If you're opening this Notebook on colab, you will probably need to install 🤗 Transformers as well as some other libraries. Uncomment the following cell and run it.

In [None]:
#! pip install transformers evaluate datasets requests pandas sklearn

If you're opening this notebook locally, make sure your environment has an install from the last version of those libraries.

To be able to share your model with the community and generate results like the one shown in the picture below via the inference API, there are a few more steps to follow.
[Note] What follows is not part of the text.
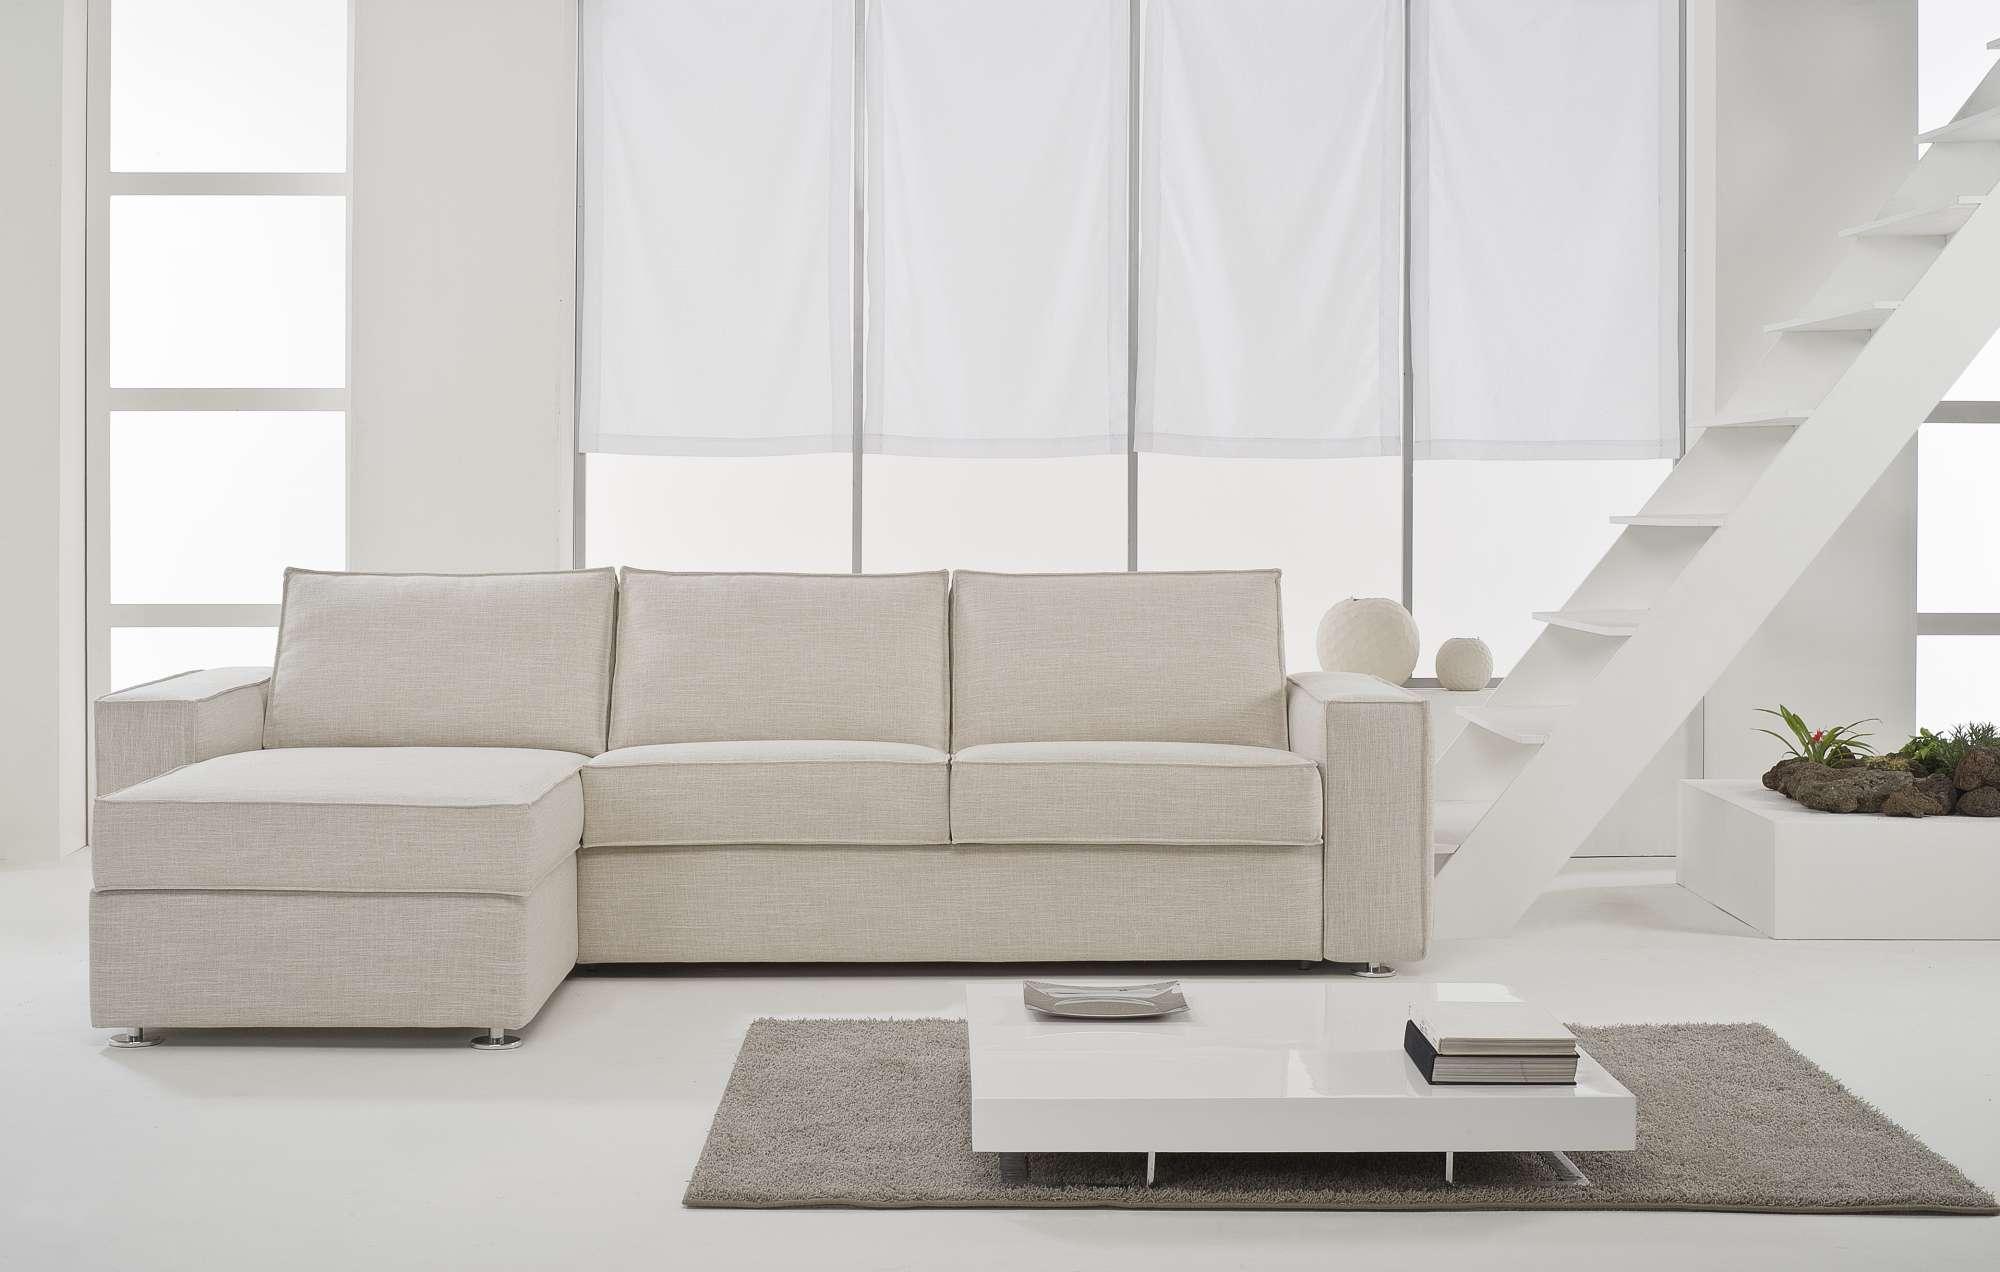 Lee divani letto con chaise longue collezione moderni - Divani letto chaise longue ...

First you have to store your authentication token from the Hugging Face website (sign up here if you haven't already!) then execute the following cell and input your username and password:

In [None]:
from huggingface_hub import notebook_login

notebook_login()

Then you need to install Git-LFS. Uncomment the following instructions:

In [None]:
# !apt install git-lfs

# Fine-Tuning Protein Language Models

In this notebook, we're going to do some transfer learning to fine-tune some large, pre-trained protein language models on tasks of interest. If that sentence feels a bit intimidating to you, don't panic - there's also a blog post (link when it's done!) that explains the concepts here in much more detail. We highly recommend starting there if you're a biologist who isn't familiar with the state-of-the-art in language modeling (or if you're a machine learning engineer who isn't quite sure what a protein is!)
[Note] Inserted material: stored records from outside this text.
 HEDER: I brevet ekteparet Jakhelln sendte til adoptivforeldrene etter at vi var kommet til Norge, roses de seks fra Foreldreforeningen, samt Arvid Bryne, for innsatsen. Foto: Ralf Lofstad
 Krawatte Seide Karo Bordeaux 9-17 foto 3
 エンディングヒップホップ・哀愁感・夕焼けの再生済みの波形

The specific model we're going to use is ESM-2, which is the state-of-the-art protein language model at the time of writing (September 2022). The citation for this model is [Lin et al, 2022](https://www.biorxiv.org/content/10.1101/2022.07.20.500902v1).

There are several ESM-2 checkpoints with differing model sizes. Larger models will generally have better accuracy, but they require more GPU memory and will take much longer to train. The available ESM-2 checkpoints (at time of writing) are:

| Checkpoint name | Num layers | Num parameters |
|------------------------------|----|----------|
| `esm2_t48_15B_UR50D`         | 48 | 15B     |
| `esm2_t36_3B_UR50D`          | 36 | 3B      | 
| `esm2_t33_650M_UR50D`        | 33 | 650M    | 
| `esm2_t30_150M_UR50D`        | 30 | 150M    | 
| `esm2_t12_35M_UR50D`         | 12 | 35M     | 
| `esm2_t6_8M_UR50D`           | 6  | 8M      | 

Note that the larger checkpoints may be very difficult to train without a large cloud GPU like an A100 or H100, and the largest 15B parameter checkpoint will probably be impossible to train on **any** single GPU! We will use the `esm2_t30_150M_UR50D` checkpoint for this notebook, which should train on any Colab instance or modern GPU.

In [1]:
model_checkpoint = "Rocketknight1/esm2_t12_35M_UR50D"

# Sequence classification

One of the most common tasks you can perform with a language model is **sequence classification**. In sequence classification, we classify an entire protein into a category, from a list of two or more possibilities. There's no limit on the number of categories you can use, or the specific problem you choose, as long as it's something the model could in theory infer from the raw protein sequence. To keep things simple for this example, though, let's try classifying proteins by their cellular localization - given their sequence, can we predict if they're going to be found in the cytosol (the fluid inside the cell) or embedded in the cell membrane?

## Data preparation

In this section, we're going to gather some training data from open web databases. Our goal is to create a pair of lists: `sequences` and `labels`. `sequences` will be a list of protein sequences, which will just be strings like "MNKL...", where each letter represents a single amino acid in the complete protein. `labels` will be a list of the category for each sequence. The categories will just be integers, with 0 representing the first category, 1 representing the second and so on. In other words, if `sequences[i]` is a protein sequence then `labels[i]` should be its corresponding category. These will form the **training data** we're going to use to teach the model the task we want it to do.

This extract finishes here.